*TASK STATEMENT:* Without pictures, output exactly the lines running from the line containing "Lady Gagas GAGA" to the end of the listing below.

*RAW DATA:*
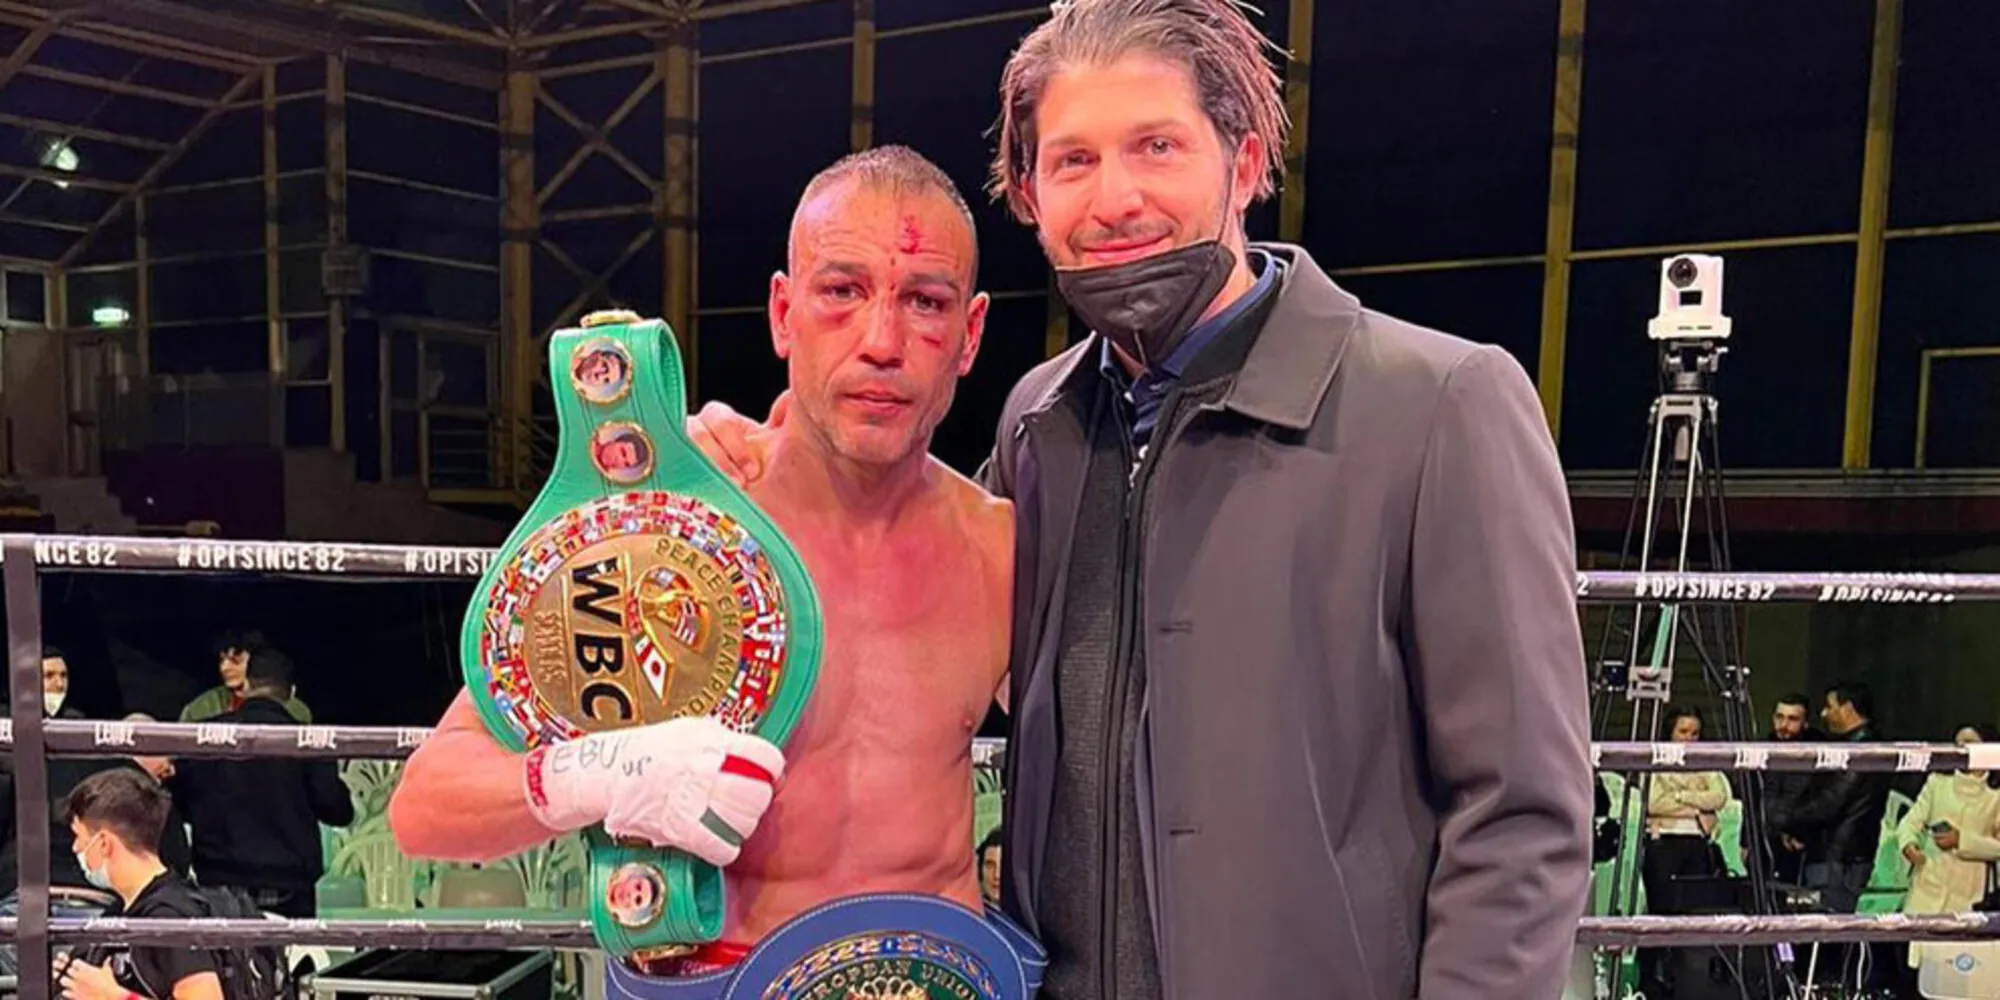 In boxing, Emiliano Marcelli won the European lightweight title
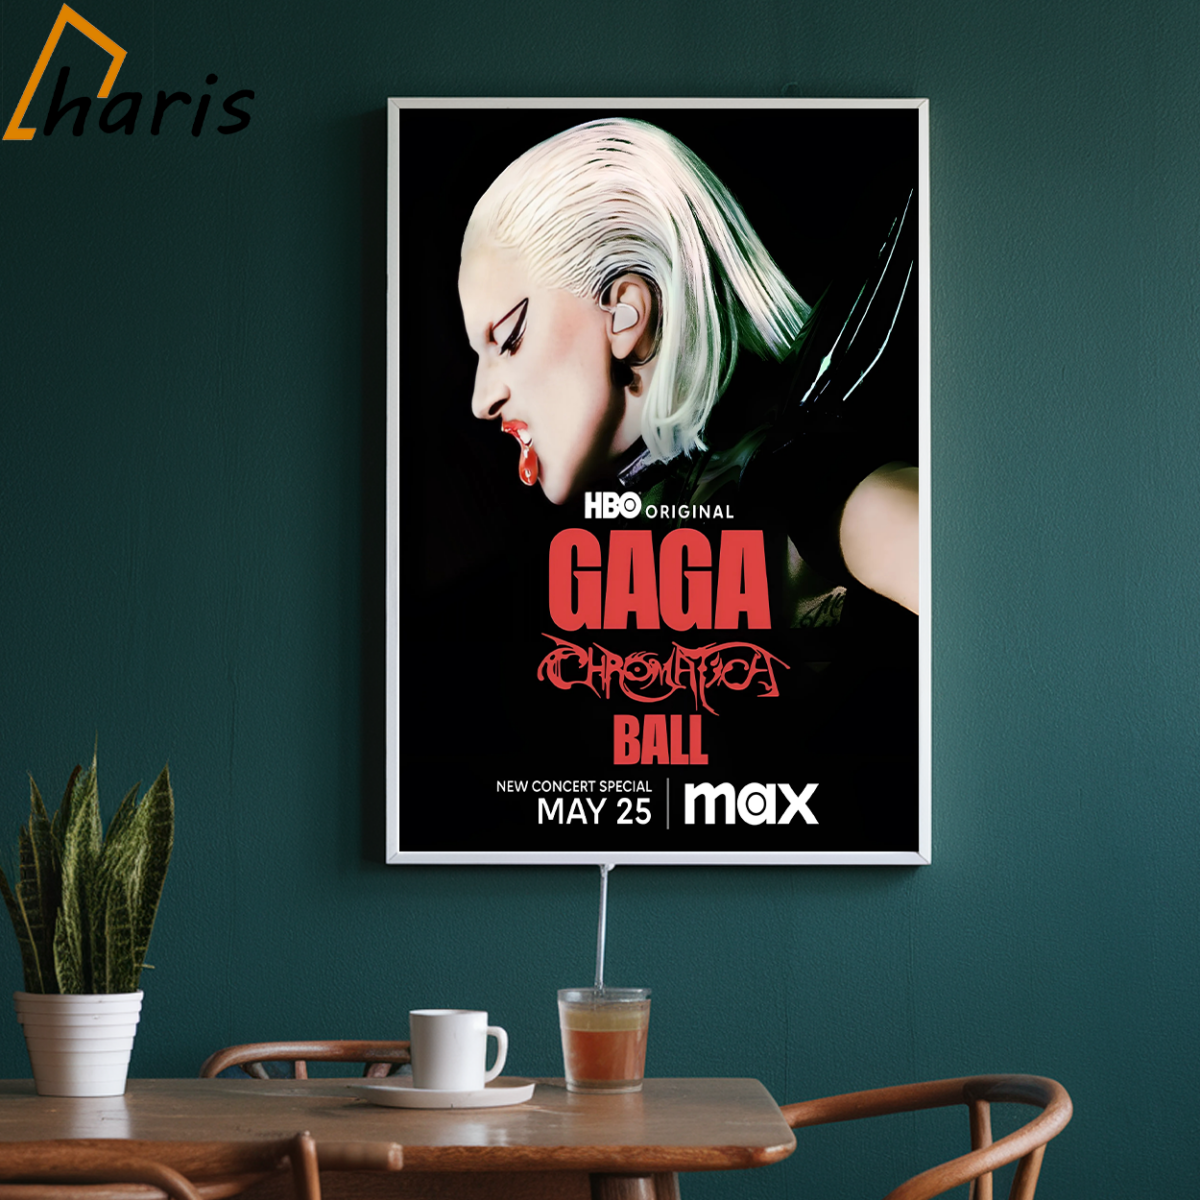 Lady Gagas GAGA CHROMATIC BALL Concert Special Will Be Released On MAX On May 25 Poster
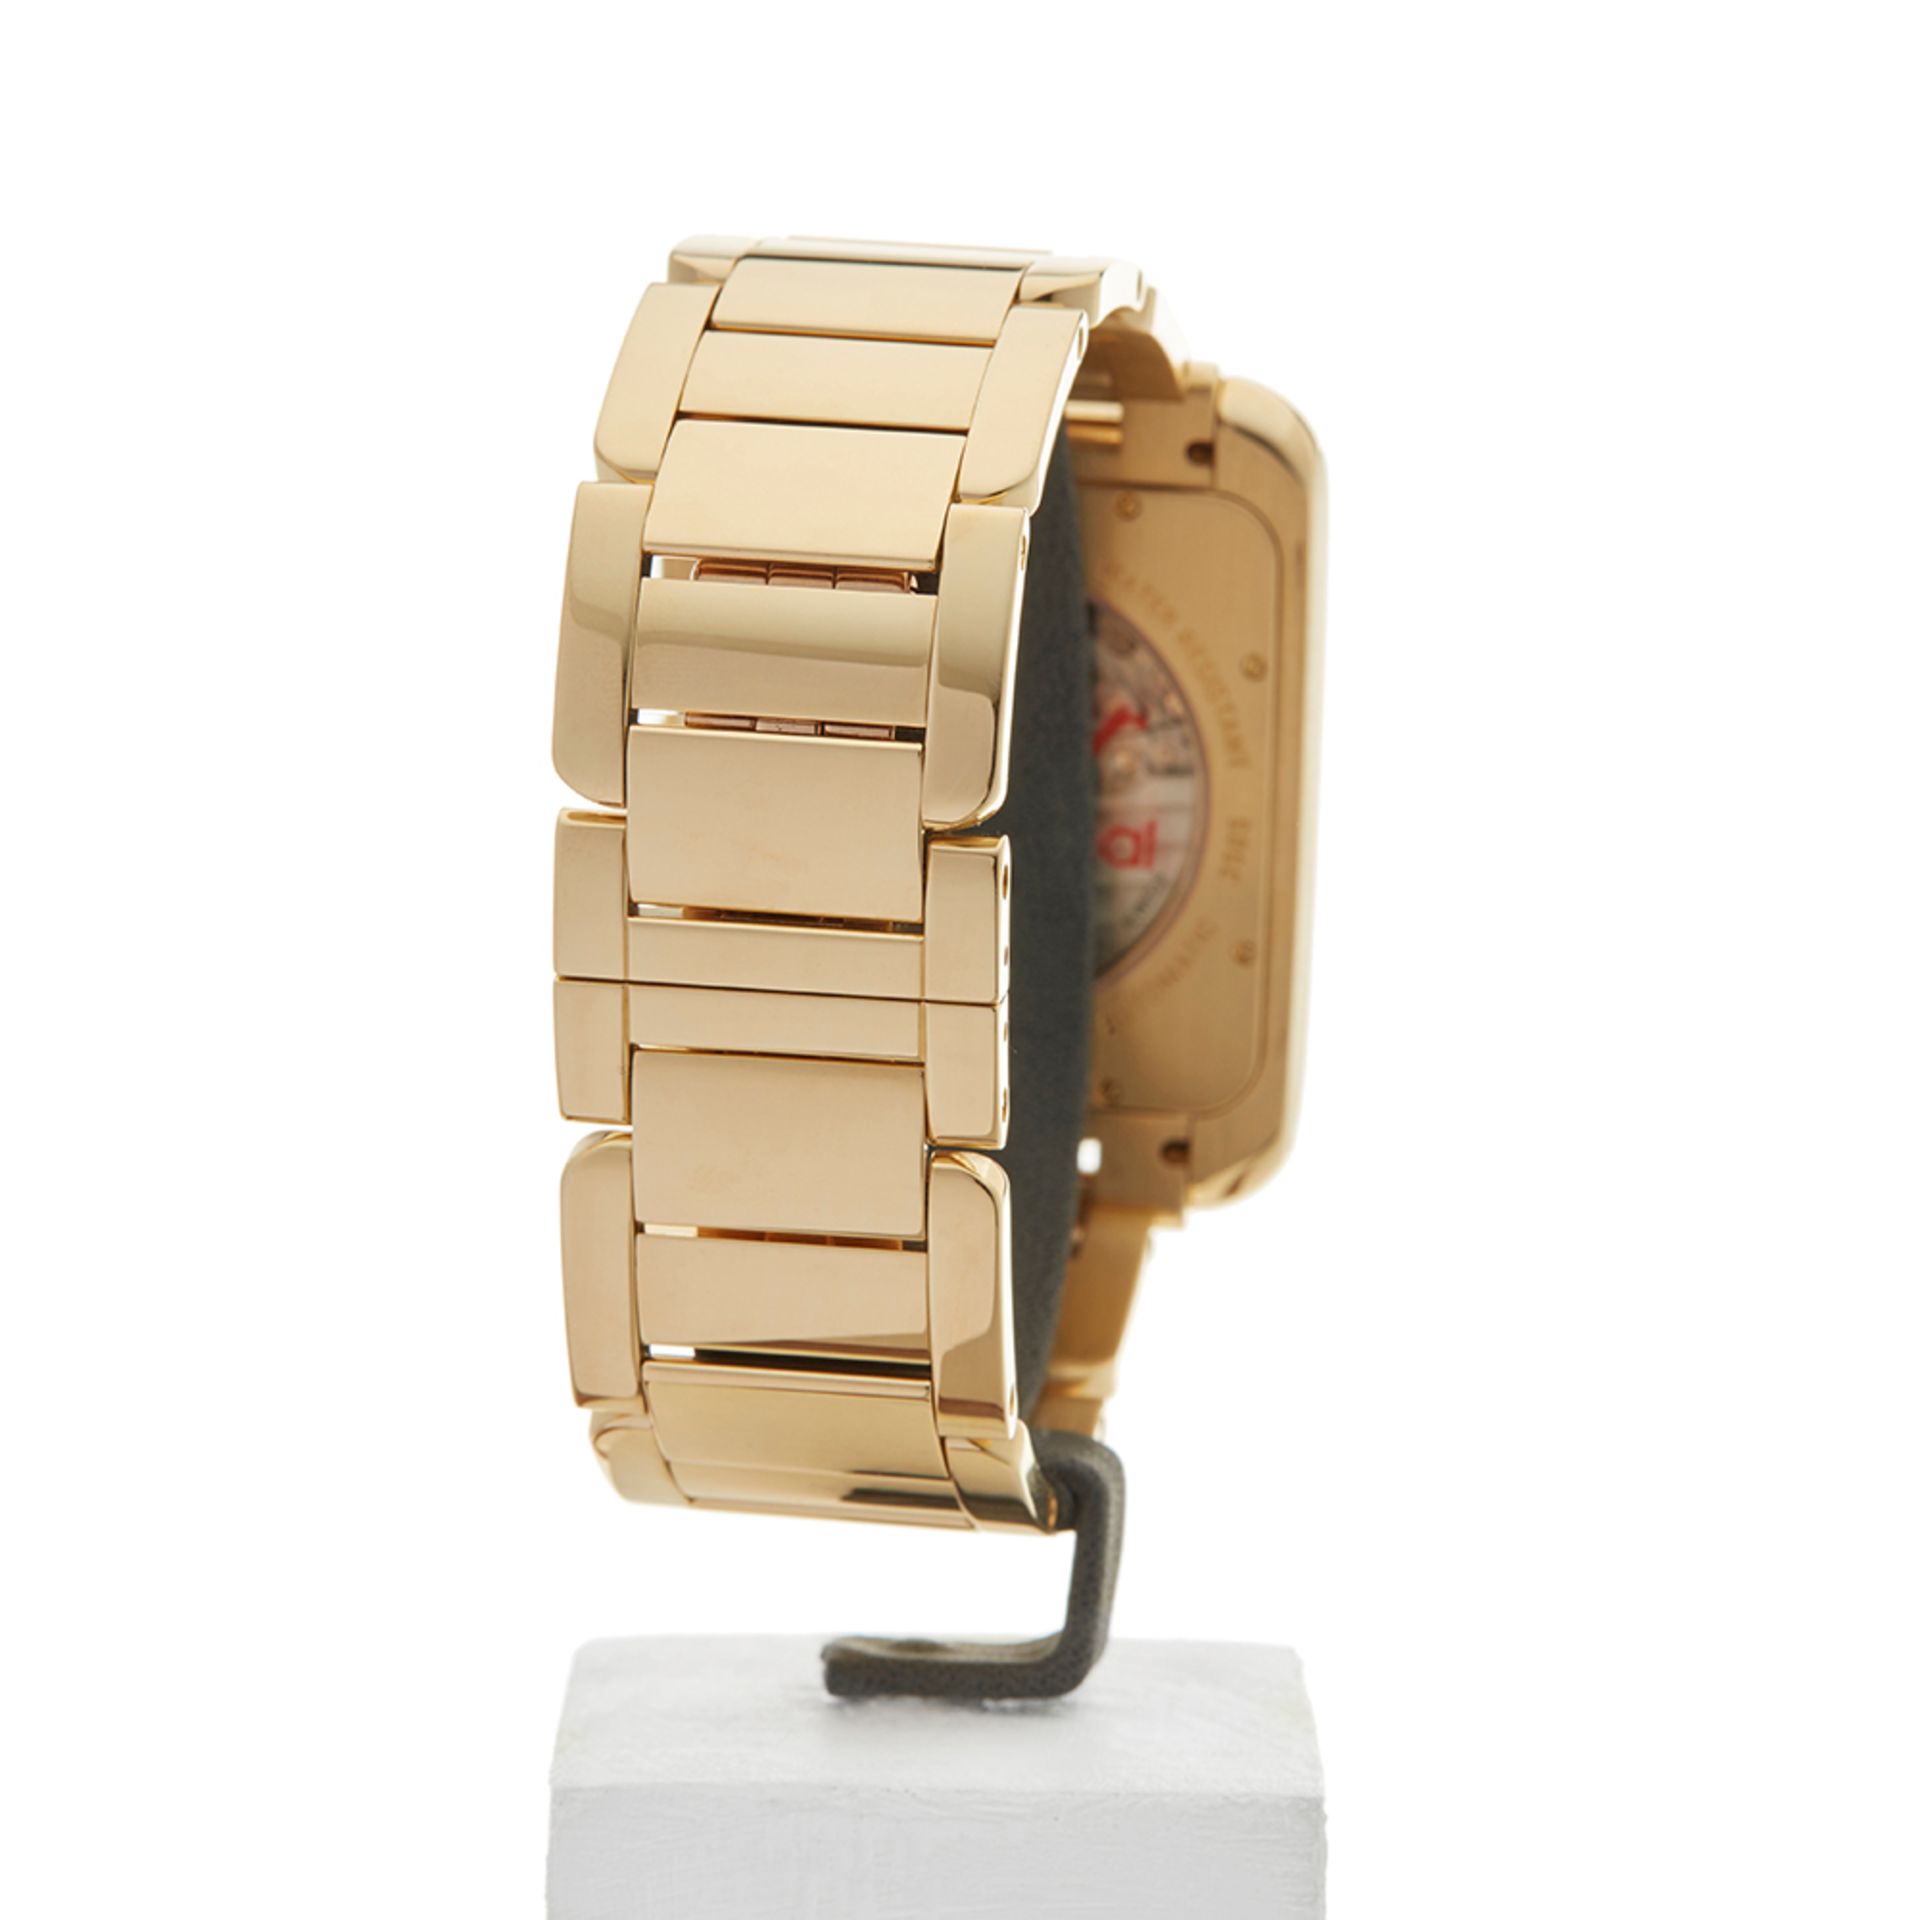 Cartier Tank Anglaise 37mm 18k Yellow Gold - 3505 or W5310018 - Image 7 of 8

*YOUR RESPONSE:*
 Lady Gagas GAGA CHROMATIC BALL Concert Special Will Be Released On MAX On May 25 Poster
 Cartier Tank Anglaise 37mm 18k Yellow Gold - 3505 or W5310018 - Image 7 of 8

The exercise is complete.